Esshup

Good part is I don't have to worry about things going into the water besides maybe snowshoe hares. All the animals move off the mountain for winter.

So sounds like basically it will work the same as summer aeration. I am still curious on how winter will change things. For example, if in summer a diffuser placed at 4' deep will cause the thremocline to settle in at X feet, where will the thermocline settle in for that exact same setup in winter?? It would have to change it if the water mixes easier and further. I guess it is going to just take more experimentation for me. Bad part is my experiments take one year to complete, see results and try something different.

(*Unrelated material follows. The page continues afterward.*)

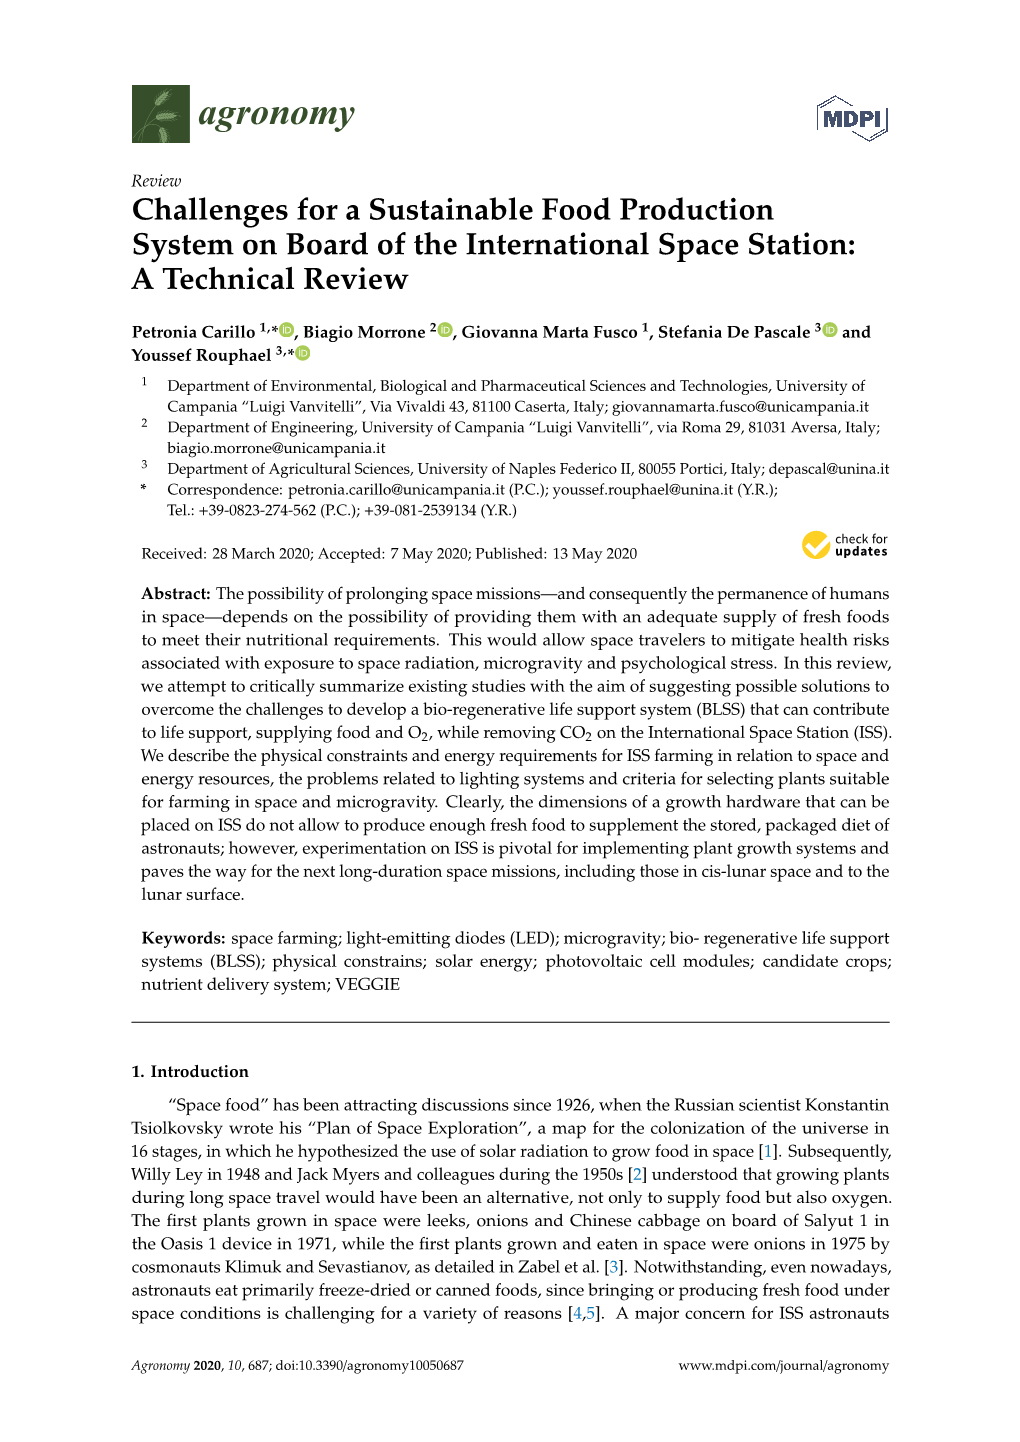 Challenges for a Sustainable Food Production System on Board of the International Space Station: a Technical Review
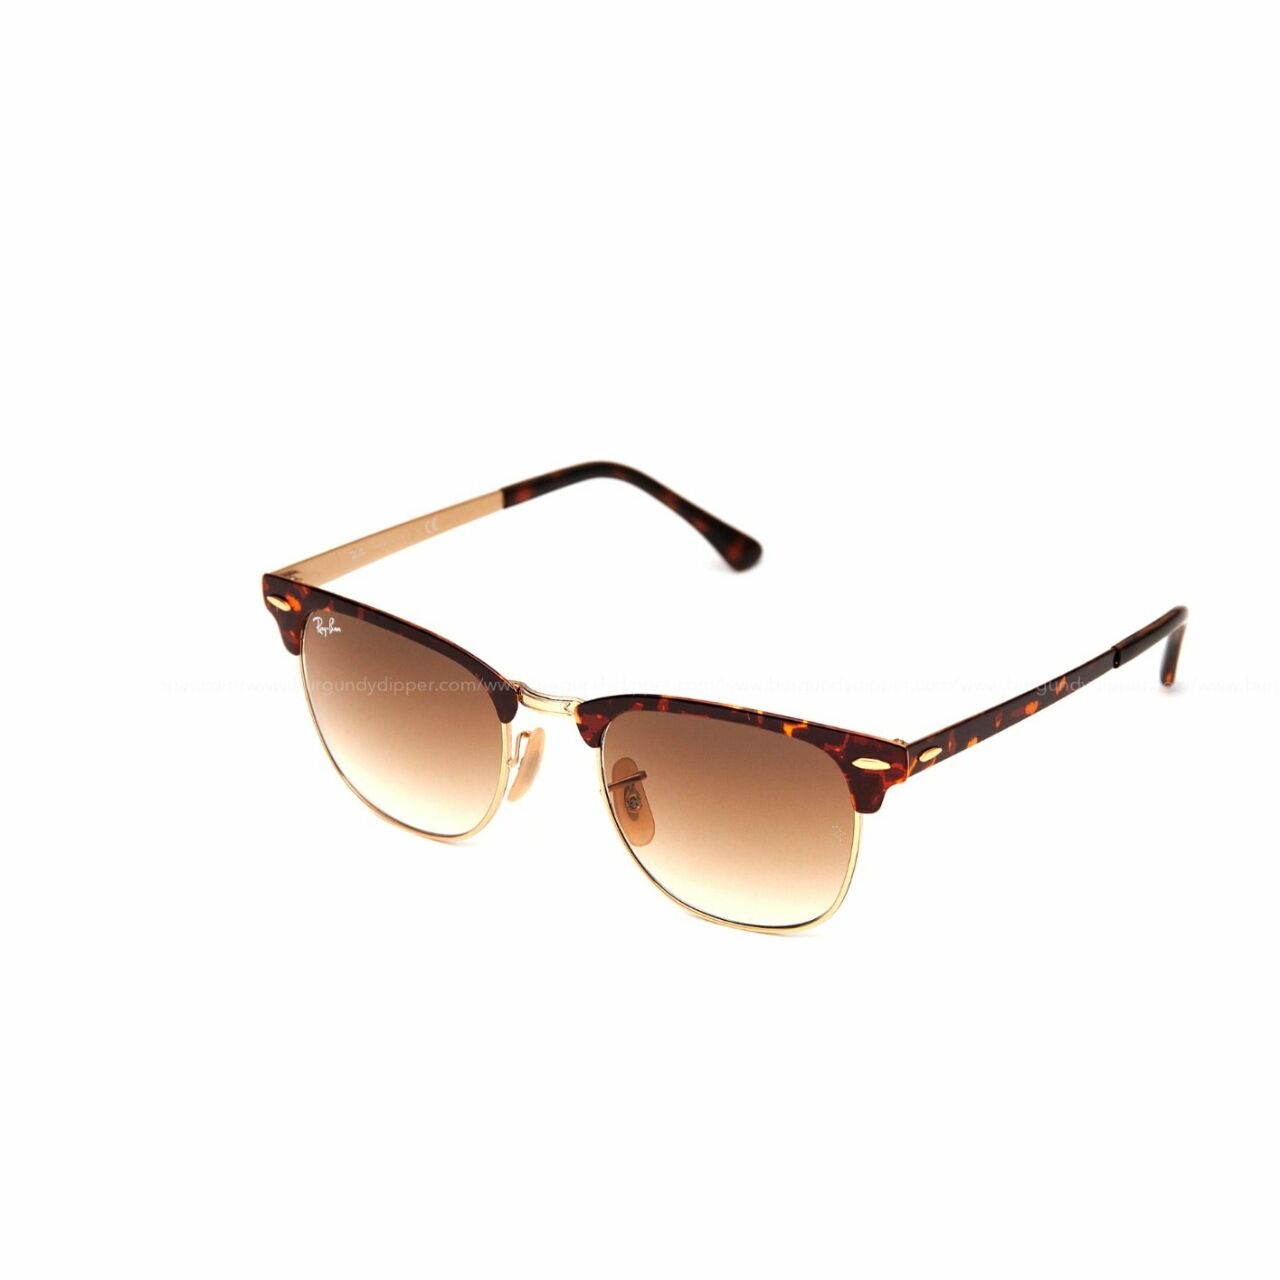 Ray-ban Clubmaster Metal Havana On Arista Clear Gradient Brown Sunglasses

You are the pro and I am nothing so don't take my disagreements as me thinking I know anything. However, some things just don't match up with what I have seen. I don't think the 33 degree water temps are bad for what lives in my lake at all. This spring and spring 2018 right after ice out we had huge swarms of "millions" of scuds mating all over the edges of the lake. There were so many that my buddy, that's had a cabin up there for 20 years, couldn't even figure out what they were at first. Turned out it was 2 scuds hooked together mating. That's never happened before. We have more fatheads than ever as well. We caught the first fish this year about two weeks after ice out. It went in the lake October 2018 at 6"-8" and was caught June 2019 at ~14"-15". That growth is with the super low water temps, ice cover from late Oct 18 to mid June 2019 and a mid winter measured DO of .07PPM!! . My point is I am not seeing any evidence the 33 degree water temps are hurting anything at all. I actually think it may be helping fish survive water conditions they may not otherwise survive, but that's just a theory.

Last edited by wbuffetjr; 01/14/20 08:35 AM.